When solving a differential equation, finding a unique solution is crucial. The solution of a differential equation is considered unique if, for a given point located within a specified region, there exists only one solution that satisfies both the equation and the initial conditions. In the context of our differential equation, \( y' = \frac{x^2}{4-y^2} \),we aim to determine specific settings under which a unique solution exists.To ascertain uniqueness, we utilize the **Picard-Lindelöf Theorem (or Picard's Theorem)**, which necessitates that the function\( f(x, y) = \frac{x^2}{4-y^2} \)be continuous in the region and that it possesses a continuous partial derivative, especially with respect to \( y \), in a neighborhood around the initial point \((x_0, y_0)\).
This guarantees a locally unique solution to the initial value problem.

Continuity plays an essential role in solving differential equations as it ensures no abrupt changes in the value of a function within a given region. For our differential equation\( y' = \frac{x^2}{4-y^2} \),continuity requires that the function \( f(x, y) = \frac{x^2}{4-y^2} \) is defined without interruptions within the region being analyzed.Continuity depends significantly on the domain. For this function to remain continuous:

• The denominator must not be zero, implying \( 4 - y^2 eq 0 \).
• This occurs when \( y eq 2 \) and \( y eq -2 \).

Thus, as long as \( y \) stays outside \( 2 \) and \( -2 \), continuity—and consequently a unique solution—can be preserved.

Discontinuity signifies places where a function ceases to operate predictably or return real values. It generally indicates points or lines where the function becomes undefined and can't deliver solutions.In our specific problem, the function\( f(x, y) = \frac{x^2}{4-y^2} \)exhibits discontinuity by developing a zero denominator when \( y^2 = 4 \). As a result,

• The values \( y = 2 \) and \( y = -2 \) create vertical asymptotes or "walls," disrupting continuity.
• These values must be explicitly avoided when seeking solutions.

Understanding these breaking points allows us to accurately outline regions devoid of discontinuities, vital for ensuring the equation remains solvable with a unique solution.

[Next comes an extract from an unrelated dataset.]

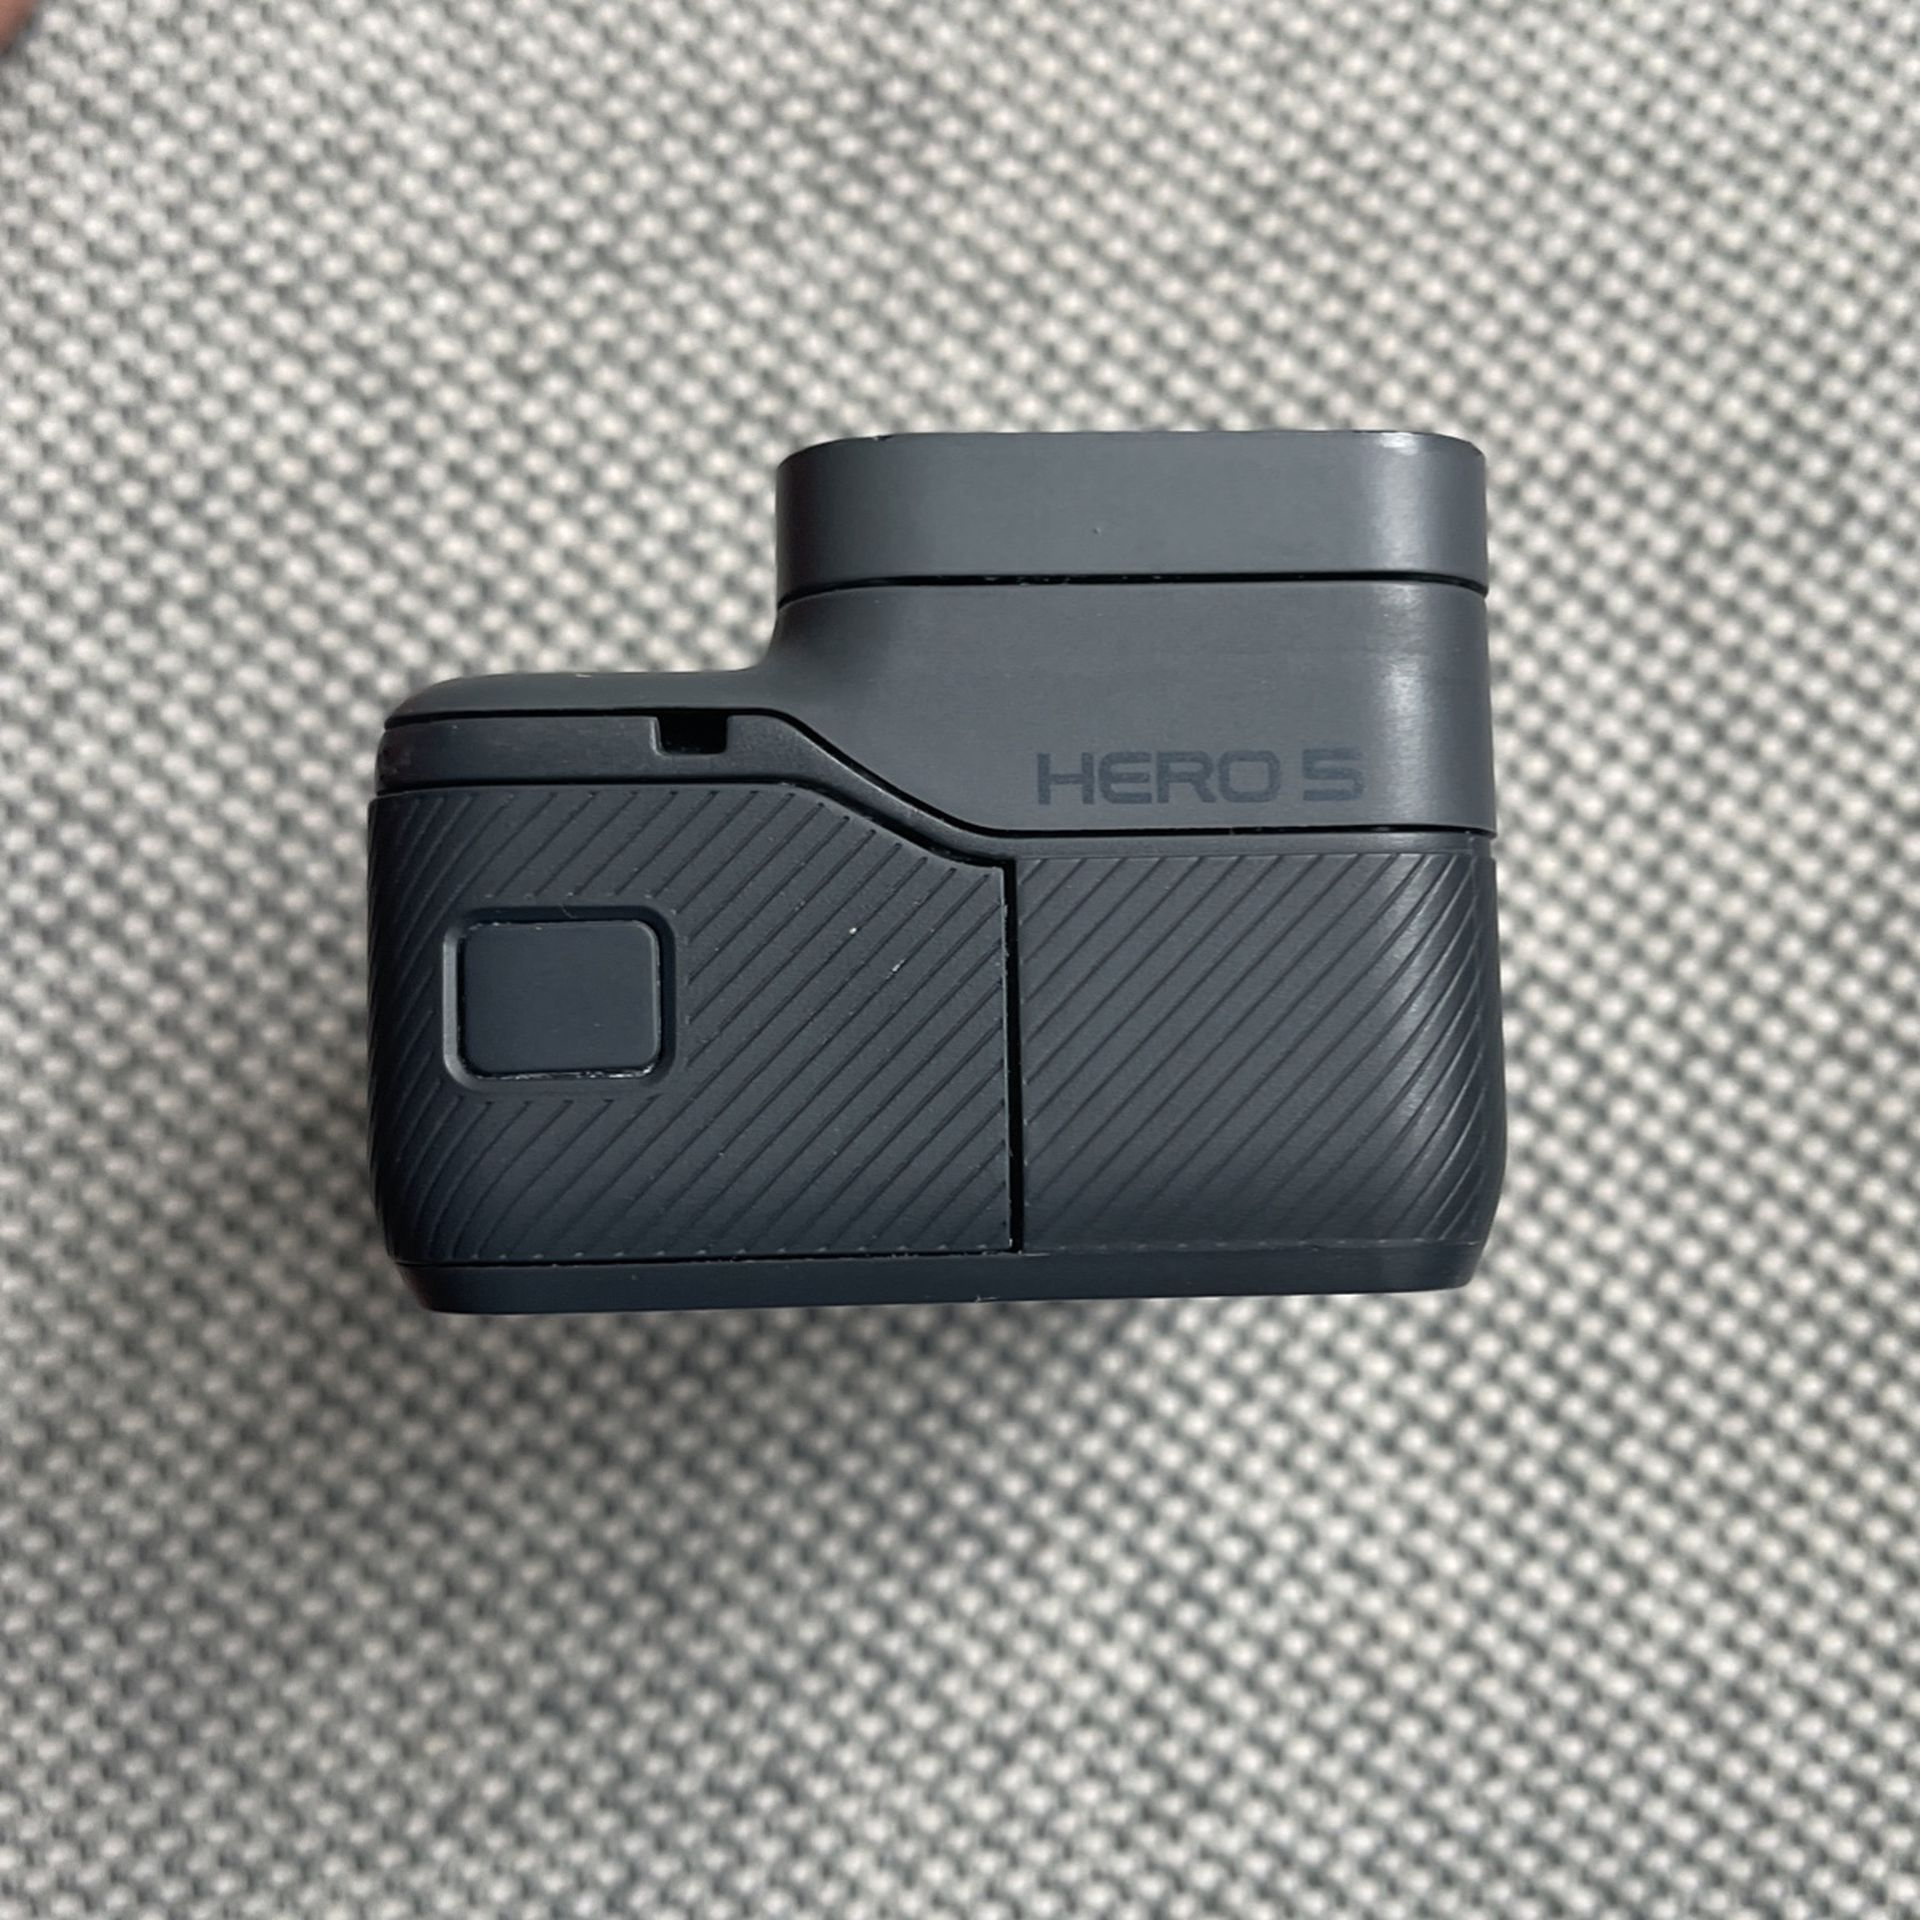 GoPro Hero 5 With Case And Selfi Tripod

An initial value problem, in the realm of differential equations, involves equations paired with a predefined point, known as an initial condition. This enables us to solve the differential equation uniquely and tailor it specific to a boundary condition.In the case of\((4-y^2) y^{\prime}=x^2 \),we explore solutions of the type \( y(x) \) such that not only does the differential equation hold but also the conditions at the starting point \((x_0, y_0)\).
Given the initial condition, the problem morphs into a more directed task, where methods and theories about continuous functions and partial derivatives guide us to unique solutions specific to the entire equation from inception through result. Make sure to pick initial conditions outside the discontinuity points, particularly \( y = 2 \) and \( y = -2 \).